The IRS agreed with the estate that the P&A interest was misvalued and it should be valued at $1,548,010, which was the ending capital account balance reported by the P&A Fund on Schedule K-1, Partner’s Share of Income, Deductions, Credits, etc., for tax year 2015.
The IRS reasoned that the 2015 ending capital account balance was the best approximation of the interest’s value when UBS distributed it because the distribution occurred on Nov. 25, 2015, and the ending capital account balance was Caan’s capital account balance as of Dec. 31, 2015.
In its briefs, the estate did not argue against the IRS’s valuation proposal, focusing instead on the ways in which the Form 1099-R was a deficient document. The Tax Court found that the IRS’s proposed value of $1,548,010 for the interest closely matched its 2017 liquidation amount of $1,532,605, and because the estate did not propose a different value, the court held that the value of the P&A interest was the IRS’s proposed value.
Tax Court review of refusal to issue a letter ruling and the standard of review: Both were questions of first impression for the Tax Court. To answer them, the court referred to its decision in Trimmer, 148 T.C. 334 (2017), in which it held that it had jurisdiction to review the IRS’s denial of a hardship waiver under Sec. 402(c) (3)(B) to the 60-day rollover period for rollover contributions from an employee’s trust in Sec. 402(c)(3)(A).
The court in Trimmer concluded that nothing in Sec. 402(c)(3) expressly precluded judicial review of such a waiver, and the legislative history did not reveal a congressional intent to preclude review. Therefore the court could review the IRS’s refusal to waive the 60-day requirement under the well-established Tax Court precedent that its jurisdiction to redetermine deficiencies under Sec. 6213(a) includes jurisdiction to review any discretionary agency actions that would affect the deficiency amount.

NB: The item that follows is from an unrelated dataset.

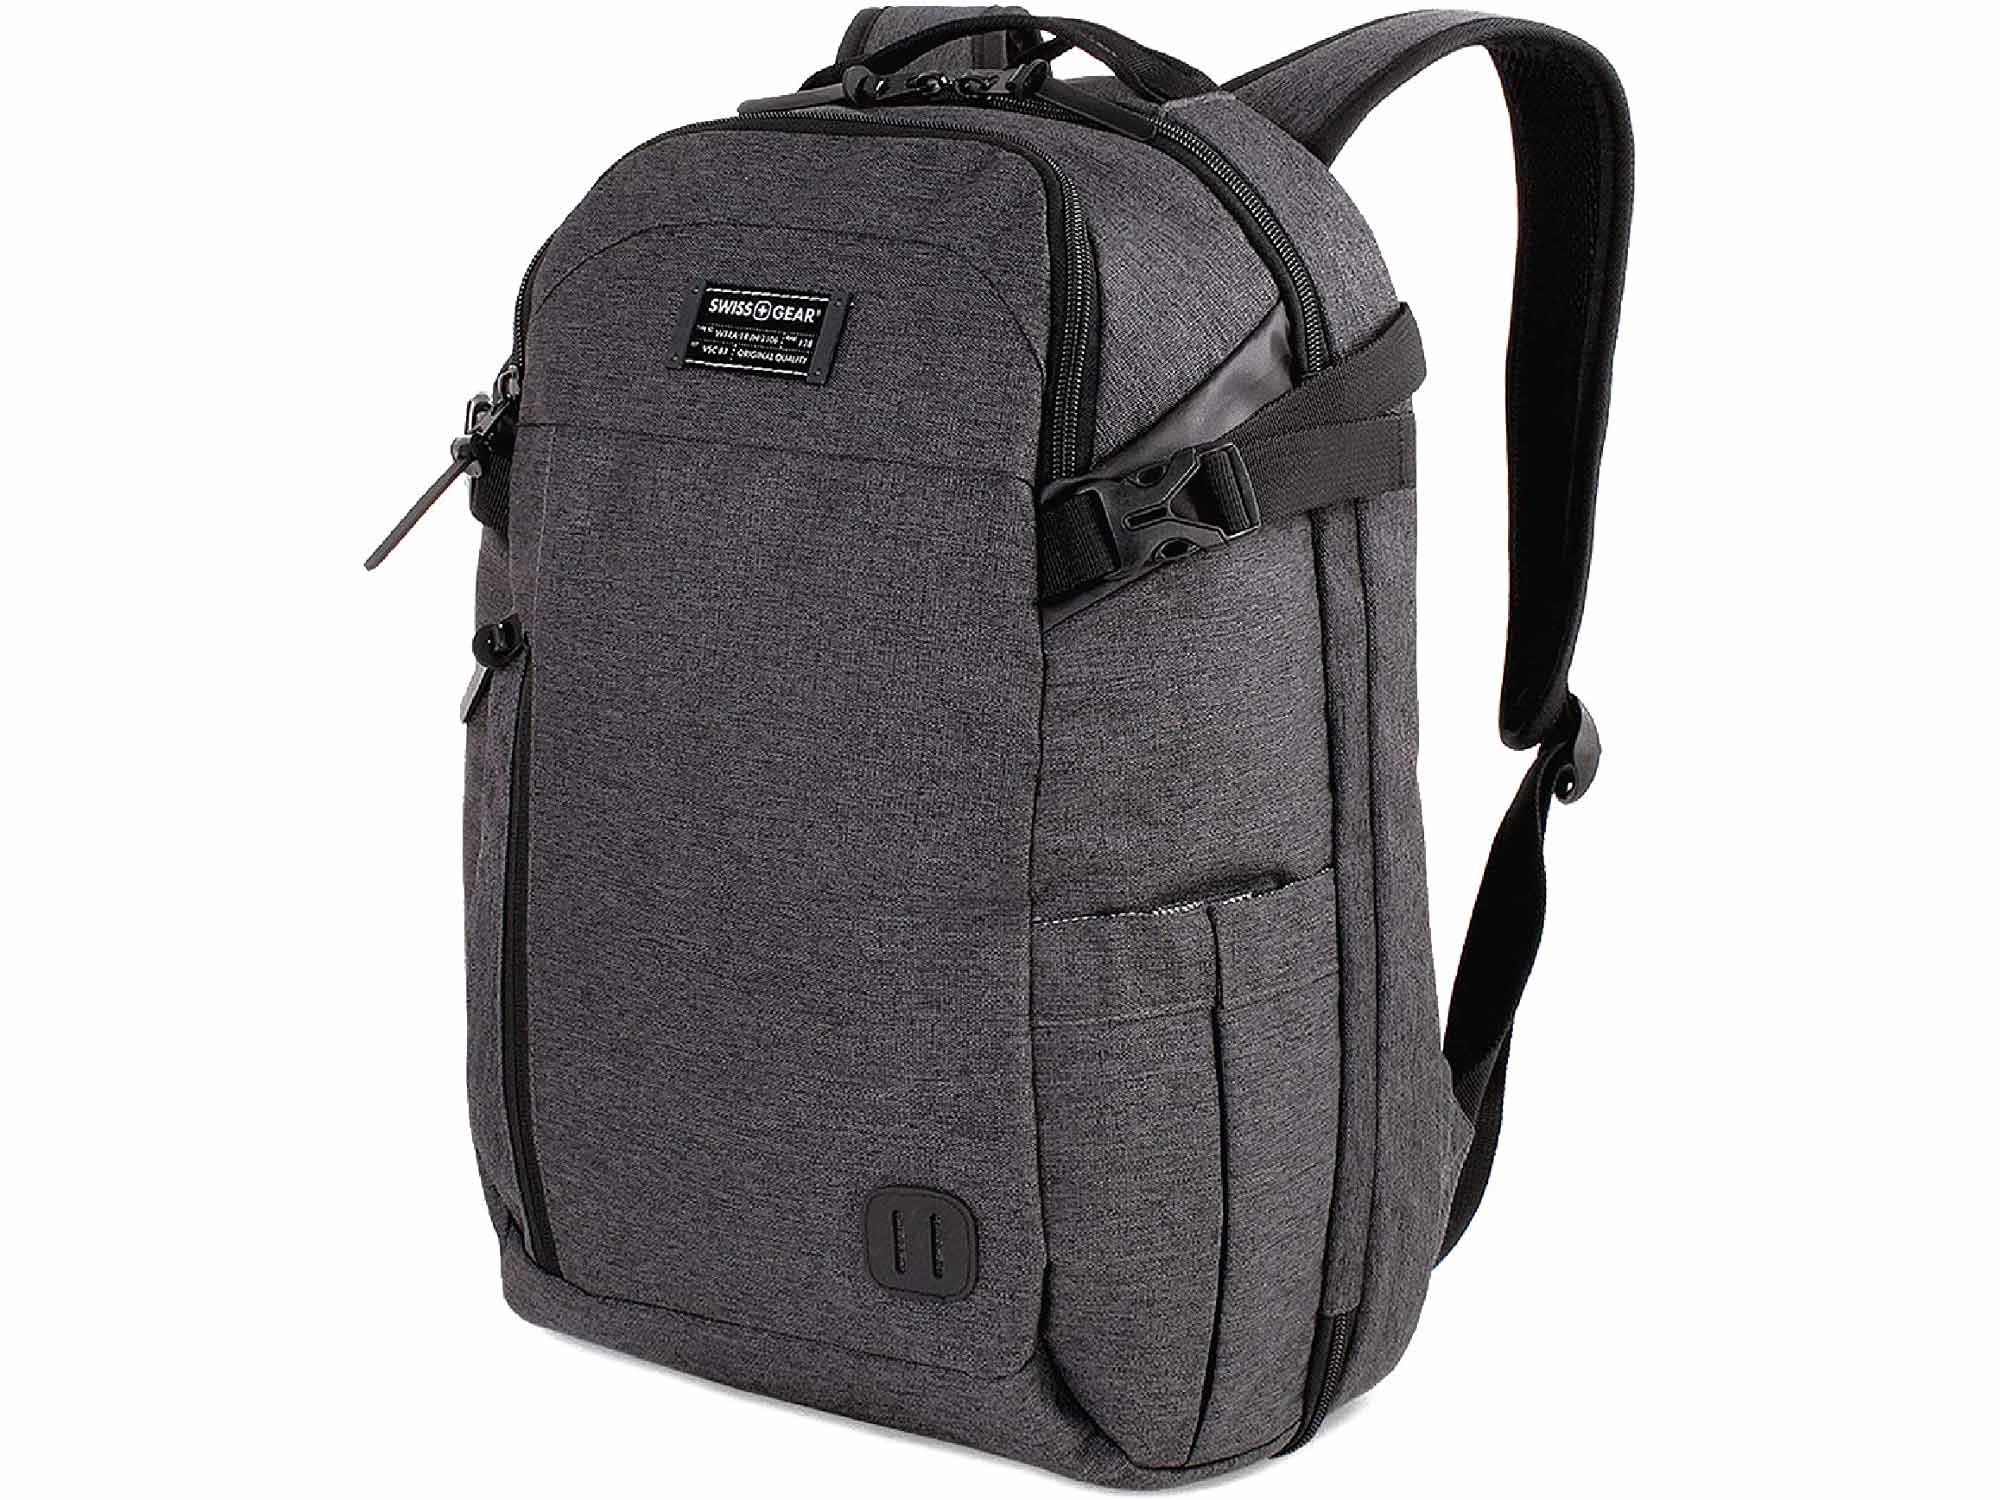 SwissGear Getaway Collection Laptop Backpack

The Tax Court found its reasoning in Trimmer applied to the 60-day rollover requirement for IRA distributions as well. The court noted that Secs. 402(c)(3)(B) and 408(d)(3)(I) are worded identically, neither the text of Sec. 408(d)(3) nor its legislative history precludes judicial review, and whether the IRS grants a waiver under Sec. 408(d)(3)(I) is a discretionary determination that would affect a taxpayer’s deficiency.
With regard to the standard of review, the Tax Court, having determined based on its holding in Trimmer that it had jurisdiction to review the denial of a waiver, determined that the correct standard of review was the same as in that case. In Trimmer, the court, citing Mailman, 91 T.C. 1079 (1988), held that the appropriate standard of review is whether the IRS has abused its discretionary authority by exercising it arbitrarily, capriciously, or without sound basis in law or fact (i.e., abuse of discretion).
Did the IRS abuse its discretion?: The IRS declined to issue a private letter ruling with a waiver of the 60-day rollover requirement to Caan under Sec. 408(d)(3)(I) because he liquidated the P&A interest after the distribution from UBS, and therefore the rollover would fail under the property requirement in Sec. 408(d) (3)(A)(i) even if the waiver were granted. The Tax Court held that denying a waiver on this basis was not an abuse of discretion, because “[i]t cannot be an abuse of discretion for the IRS to deny a waiver where granting the waiver would not have helped the taxpayer in any way.”
Reflections
The Tax Court noted that Caan’s estate also urged the court to adopt an equitable resolution to this case, which it refused to do as well. As all taxpayers would be wise to remember, the Tax Court, as it noted while citing its own and Supreme Court precedent, is “not a court of equity, and we [the court] cannot ignore the statutory law to achieve an equitable end.”